Haskell for all: Forward and reverse proxies explained

proxy

This post explains what is the difference between a forward proxy and a reverse proxy. This post will likely be most useful for:

engineers designing on-premises enterprise software to forward traffic in restrictive networking environments
authors of forward and reverse proxy packages / frameworks
people who want to learn more about networking in general

I’m writing this mainly because I had to puzzle through all of this when I was designing part of our product’s network architecture at work and I frequently explain what I learned to my coworkers. Most of the existing explanations of proxies were not helpful to me when I learned this for the first time, so I figured I would try to explain things in my own words so that I can reference this post when teaching others.

This post will not touch upon the use cases for forward and reverse proxies and instead will mostly focus on the architectural differences between them. If you are interested in learning more about how they are used in practice then I recommend reading the Wikipedia article on proxies:

Wikipedia - Proxy server

Also, this post assumes some familiarity with the HTTP and HTTPS protocols.

The difference

The simplest difference between the two types of proxies is that:

A reverse proxy is a proxy where the proxy selects the origin server
A forward proxy is a proxy where the client selects the origin server

… and “origin server” means the server where the HTTP resource originates from that the proxy forwards the HTTP request to.

There are a few alternative definitions for forward proxy and reverse proxy, but in my experience the above definitions promote the correct intuition.

`curl` examples

I sometimes explain the difference between forward and reverse proxies in terms of curl commands.

For example, if I host a reverse proxy at reverse.example.com that forwards requests to google.com, then a sample HTTP request going through the reverse proxy might look like the following curl command:

$ curl https://reverse.example.com

In a reverse proxy, the client (e.g. curl) does not select the origin server (e.g. google.com). In this particular example the origin server is hard-coded into the reverse proxy and there would be no way for the client to specify that the HTTP request should be forwarded to github.com instead.

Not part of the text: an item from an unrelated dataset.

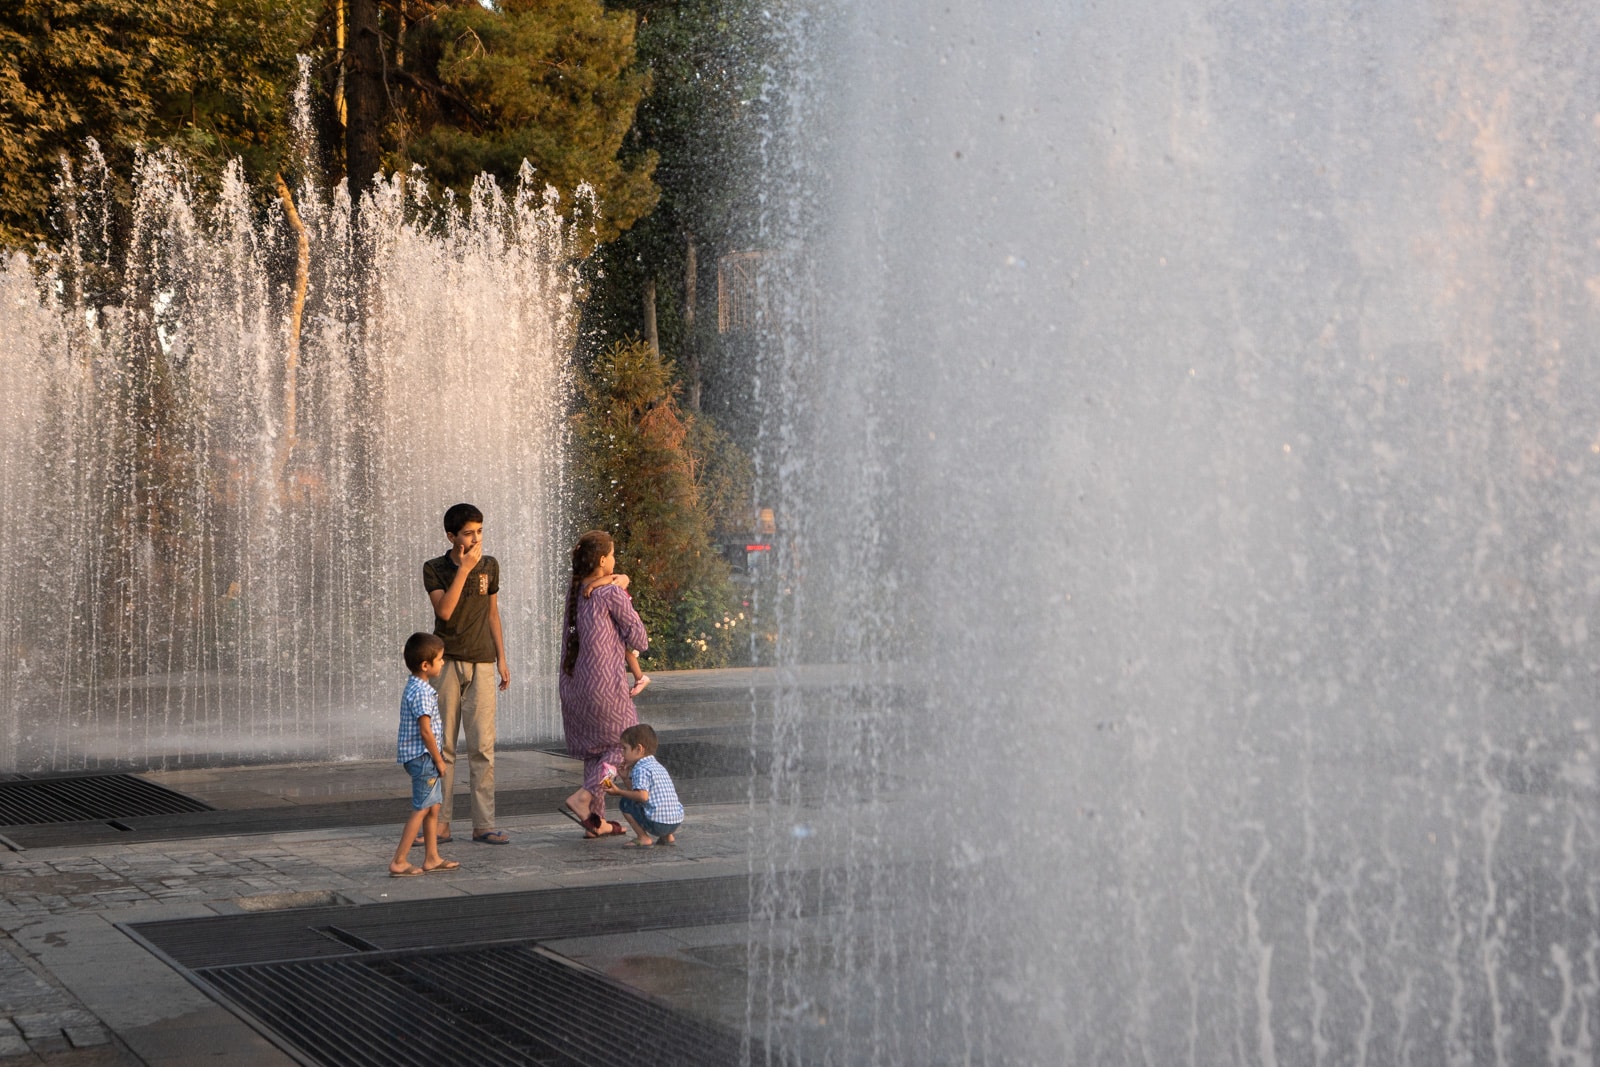 Locals walking in fountains in Dushanbe, Tajikistan

The data flow for such a request looks something like this:

┌──────────────────────────────────┐
│                                  │
│            google.com            │
│                                  │
└──────────────────────────────────┘
         ↑                ↓
 "GET / HTTP/1.1" "HTTP/1.1 200 OK"
         ↑                ↓
┌──────────────────────────────────┐
│                                  │
│        reverse.example.com       │
│                                  │
└──────────────────────────────────┘
         ↑                ↓
 "GET / HTTP/1.1" "HTTP/1.1 200 OK"
         ↑                ↓
┌──────────────────────────────────┐
│                                  │
│               curl               │
│                                  │
└──────────────────────────────────┘

In other words:

The client (e.g. curl) sends an HTTP request to the reverse proxy
The proxy (e.g. reverse.example.com) forwards the HTTP request to the origin server
The origin server (e.g. google.com) responds to the HTTP request
The proxy forwards the HTTP response back to the client

Now suppose that I host a forward proxy at forward.example.com. A sample HTTP request destined for google.com going through the forward proxy might look like this:

$ curl --proxy https://forward.example.com https://google.com

In a forward proxy, the client (e.g. curl) selects the origin server (e.g. google.com) and could have potentially selected a different origin server, such as github.com, like this:

$ curl --proxy https://forward.example.com https://github.com

… and then the forward proxy would forward the request to github.com instead¹.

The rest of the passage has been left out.